(got the report via personal e-mail) Hardware Environment: 2.0 GHz dual core PC, 1394b hardware Software Environment: eth1394 between two Linux PCs, tested with netperf -n 2 -H ... (http://www.netperf.org/) Problem Description: Apr 25 10:51:24 localhost kernel: 00:1023 Apr 25 10:51:24 localhost kernel: eth1394: No more tlabels left while sending to node 0-0:1023 The reason is that more than 64 packets are attempted to be transmitted before the split transaction of the first packet is completed. AFAICT it may result in dropped IP packets.
The root cause is most certainly the same as in bug 6948 : Tlabels are consumed from softIRQ context but freed from kthread context (khpsbpkt). There may already be enough transactions completed, but the kthread is not woken up early enough to free their tlabels. The fix in bug 6948 is more a workaround: It blocks further SCSI requests and initiates the last outstanding request (the first request which failed due to tlabel pool exhaustion) from workqueue context which sleeps until a tlabel is available, i.e. until khpsbpkt was woken up. Therefore the ultimate fix for both bugs would apparently be to convert khpsbpkt into tasklets.
Can also be reproduced using FTP. Tested: 1.6 GHz single core Athlon with proftpd serves a >500 MB big file to a 2.0 GHz Core 2 Duo with KDE's ftp component. File is received fully intact, speed was ~12 MByte/s over S400A. No errors were logged on the client, but ~250 times tlabel exhaustion was logged by eth1394 on the server.

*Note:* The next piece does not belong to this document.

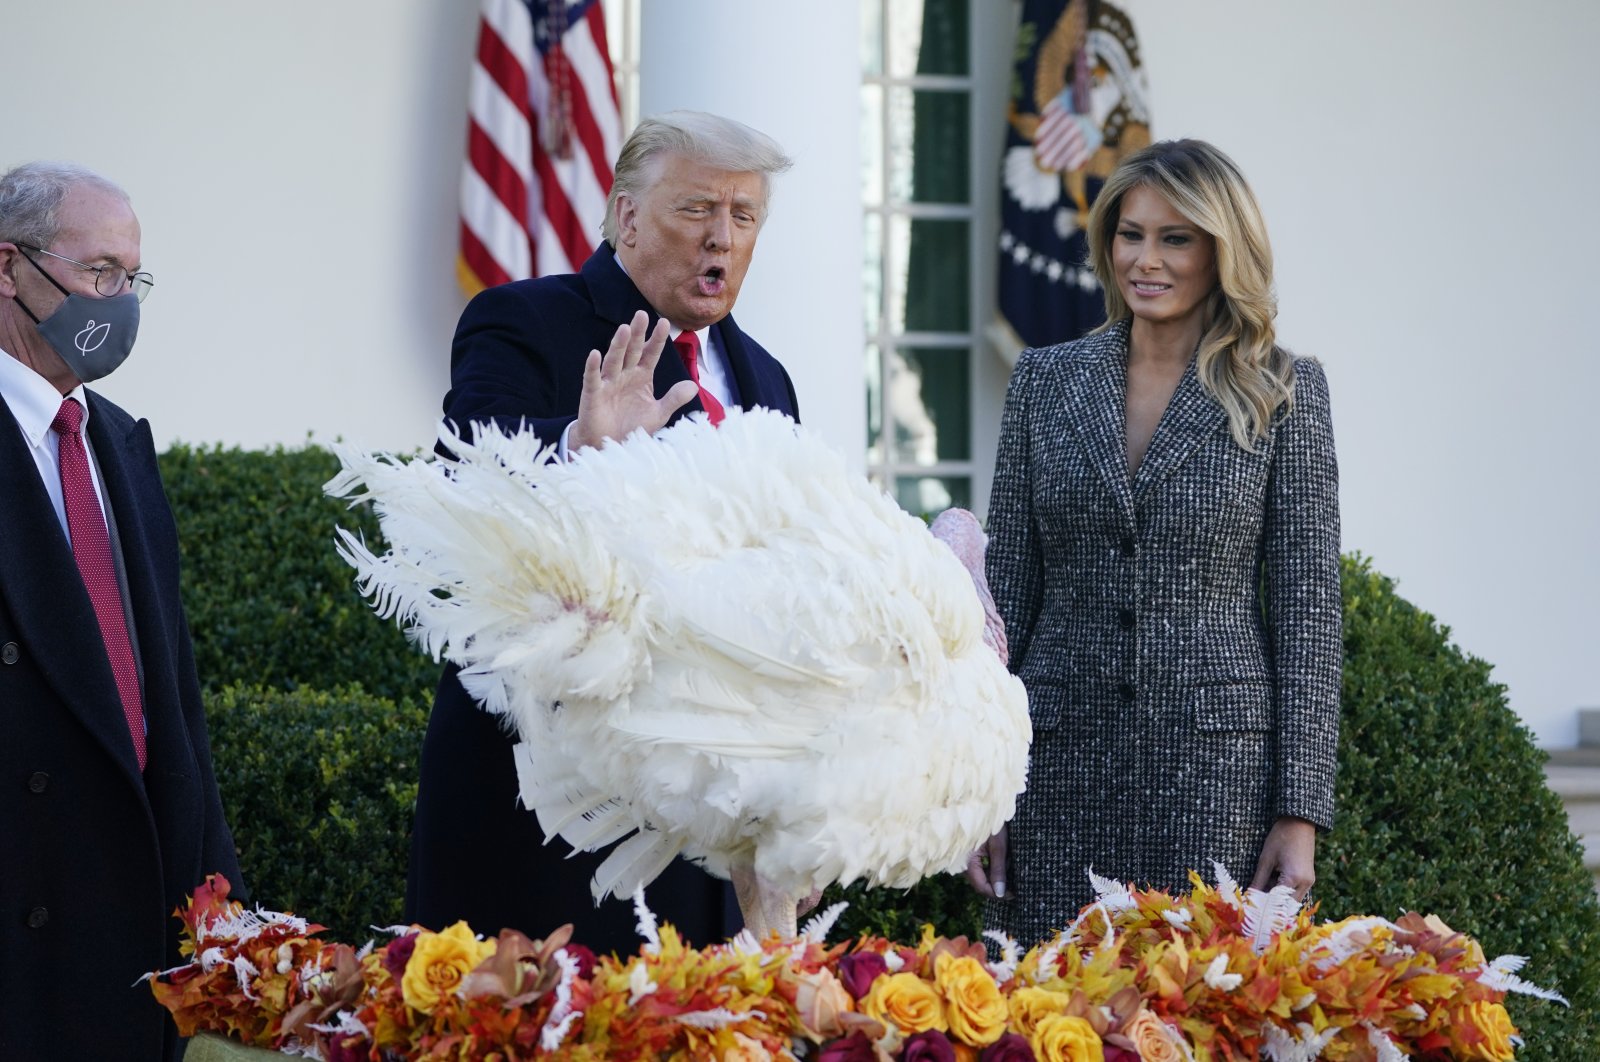 President Donald Trump (C) pardons Corn, the national Thanksgiving turkey, as National Turkey Federation Chairman Ron Kardel (L) of Walcott, Iowa, and first lady Melania Trump (R) look on in the Rose Garden of the White House in Washington, D.C., Nov. 24, 2020. (AP Photo)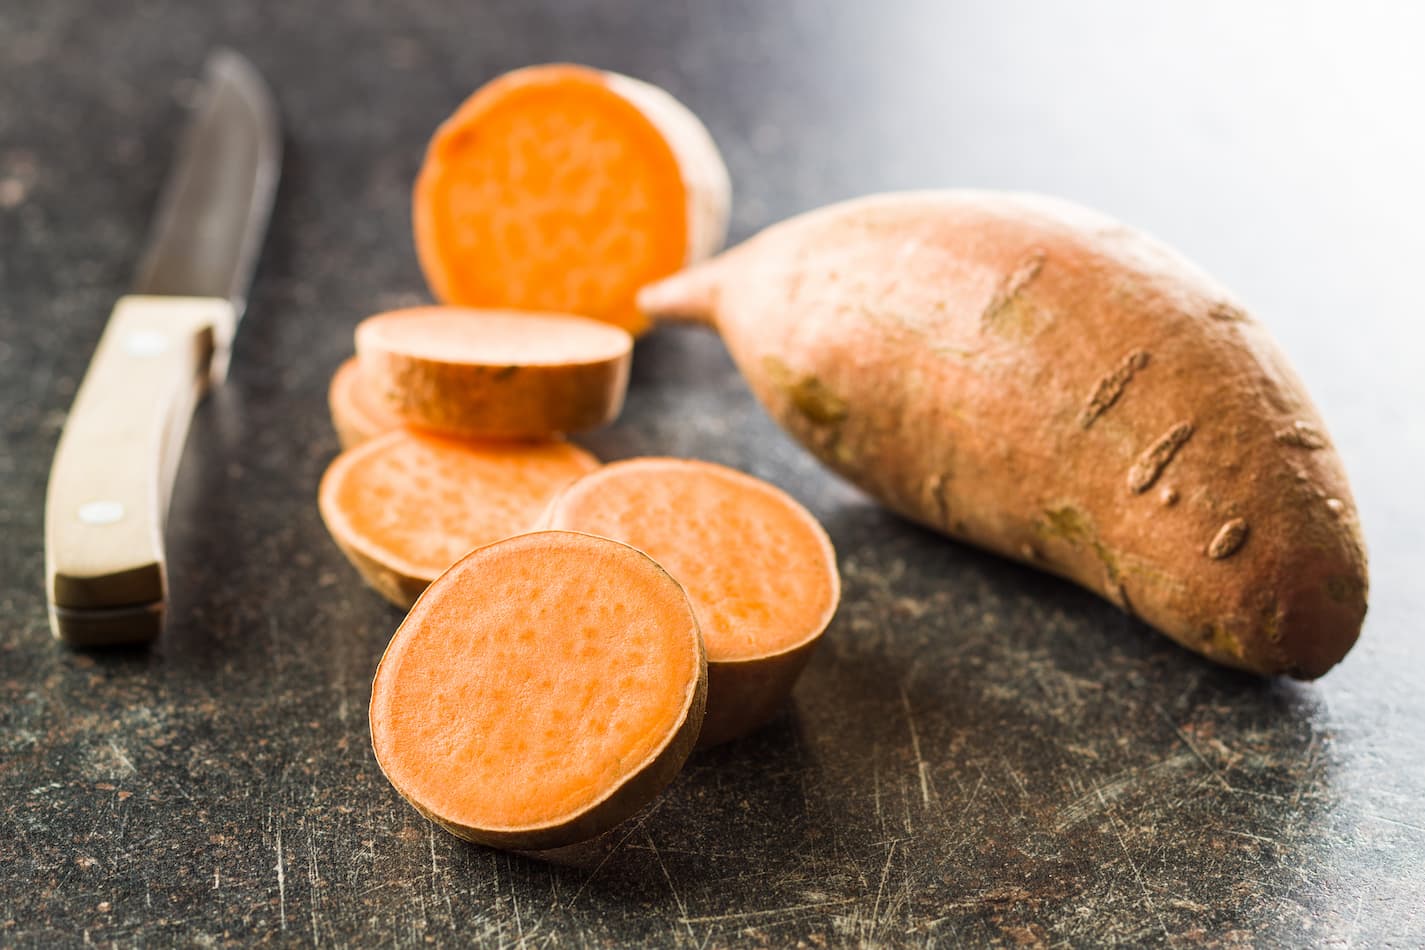 An image of sliced raw-cut sweet potatoes and a cutting knife.

Created attachment 11397 [details] [PATCH 1/2] ieee1394: eth1394: remove bogus netif_wake_queue precondition for a following fix
Created attachment 11398 [details] [PATCH 2/2] ieee1394: eth1394: handle tlabel exhaustion The patch halts the transmit queue if no tlabel is available to eth1394's ->hard_start_xmit(). A workqueue job is then scheduled to catch the moment when ieee1394 recycled the next lot of tlabels. (Before this, I also tried an ieee1394 API addition which lets the ieee1394 recycle tlabels already in the low-level's receive tasklet's context. This lowered the frequency of tlabel exhaustion somewhat but didn't address eth1394's inability to throttle the outgoing queue when necessary. It also made the transaction API even more complicated than it already is.)
Created attachment 11405 [details] [PATCH 2.6.18] ieee1394: eth1394: handle tlabel exhaustion patch 1/2 + 2/2 combined and backported to Linux 2.6.18, only compile-tested
Created attachment 11772 [details] ieee1394: fix to ether1394_tx in ether1394.c additional patch, currently pending for mainline merge This is necessary in addition to "ieee1394: eth1394: handle tlabel exhaustion" in order to get the re-queued packets after tlabel recovery into proper shape.
fix merged in 2.6.22-rcSomething